Acquisition of accurate reservoir pressure data and high-quality formation fluid samples has proved difficult in cases of low reservoir permeability, extremely viscous crude oil, or unconsolidated formations with poor borehole conditions.

Extreme downhole conditions pose a challenge to formation testing. Acquisition of accurate reservoir pressure data and high-quality formation fluid samples has proved difficult in cases of low reservoir permeability, extremely viscous crude oil, or unconsolidated formations with poor borehole conditions. Operators have often considered these wells untestable. When testing is possible, it is frequently time consuming and costly with the need to set and cement pipe, shoot perforations, and bring in coiled tubing to run the test. Even then, formation pressure estimates on such wells are frequently inaccurate.
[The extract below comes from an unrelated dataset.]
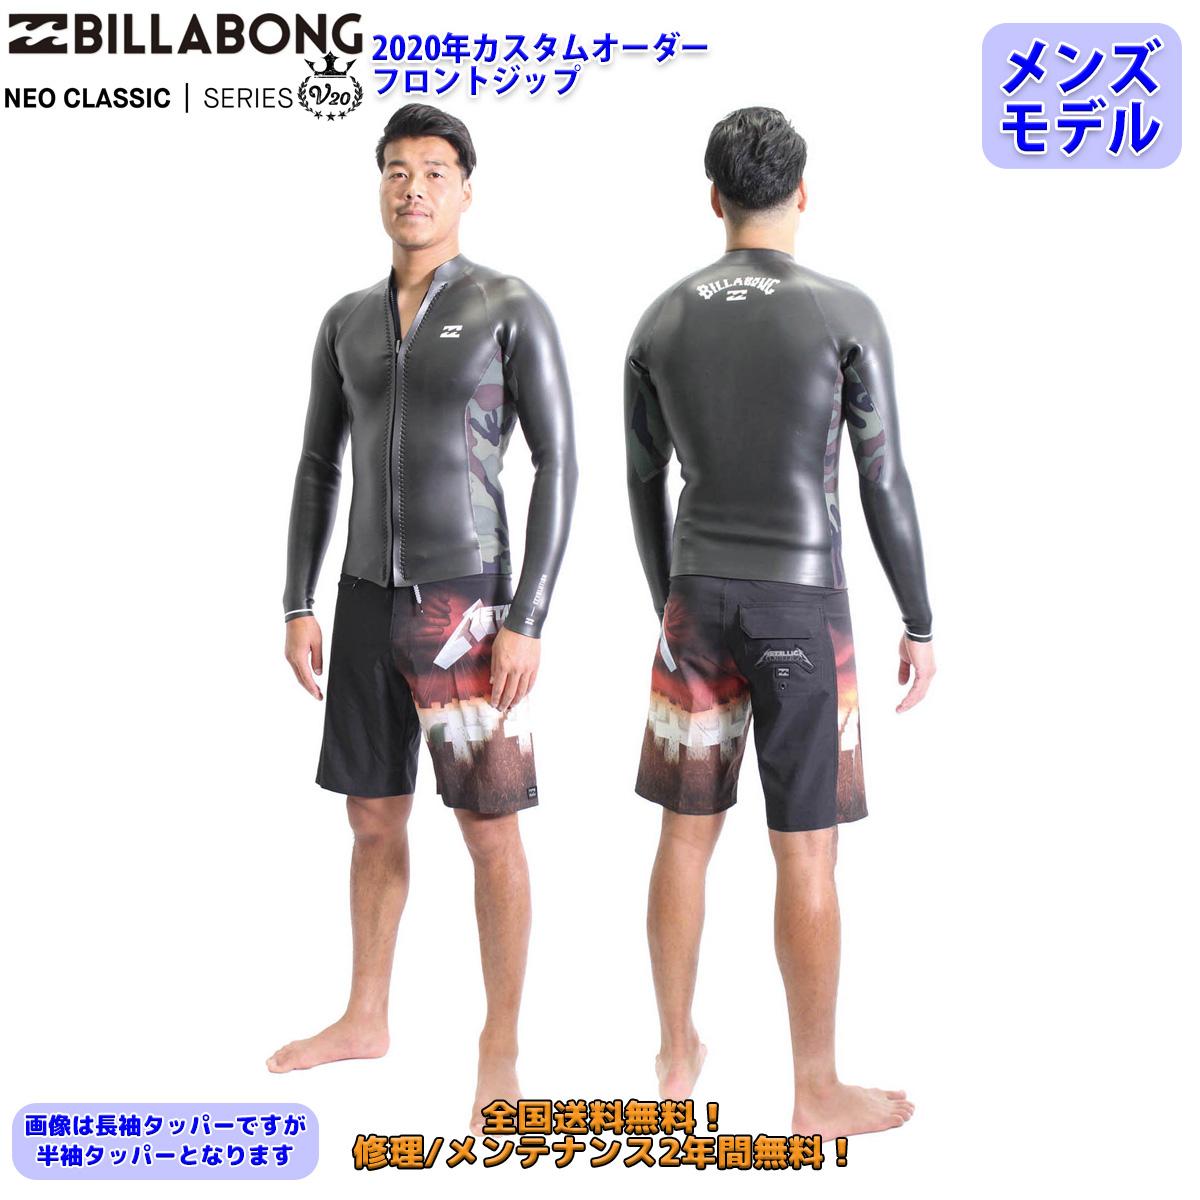 20 BILLABONG ビラボン 半袖タッパー フロントジップ ウェットスーツ ウエットスーツ カスタム オーダー 春夏用 メンズモデル 2020年 品番 BA018-522 日本正規品

However, a new tool has proved able to extend formation testing parameters to extreme formation and borehole conditions. The Saturn 3D radial probe (Fig. 1) developed by Schlumberger is a complementary module to the Modular Formation Dynamics Tester tool. The probe is capable of performing accurate pressure tests in fluid mobilities as low as 0.01 md/cp, and obtaining high-­quality fluid samples in mobilities lower than 1 md/cp.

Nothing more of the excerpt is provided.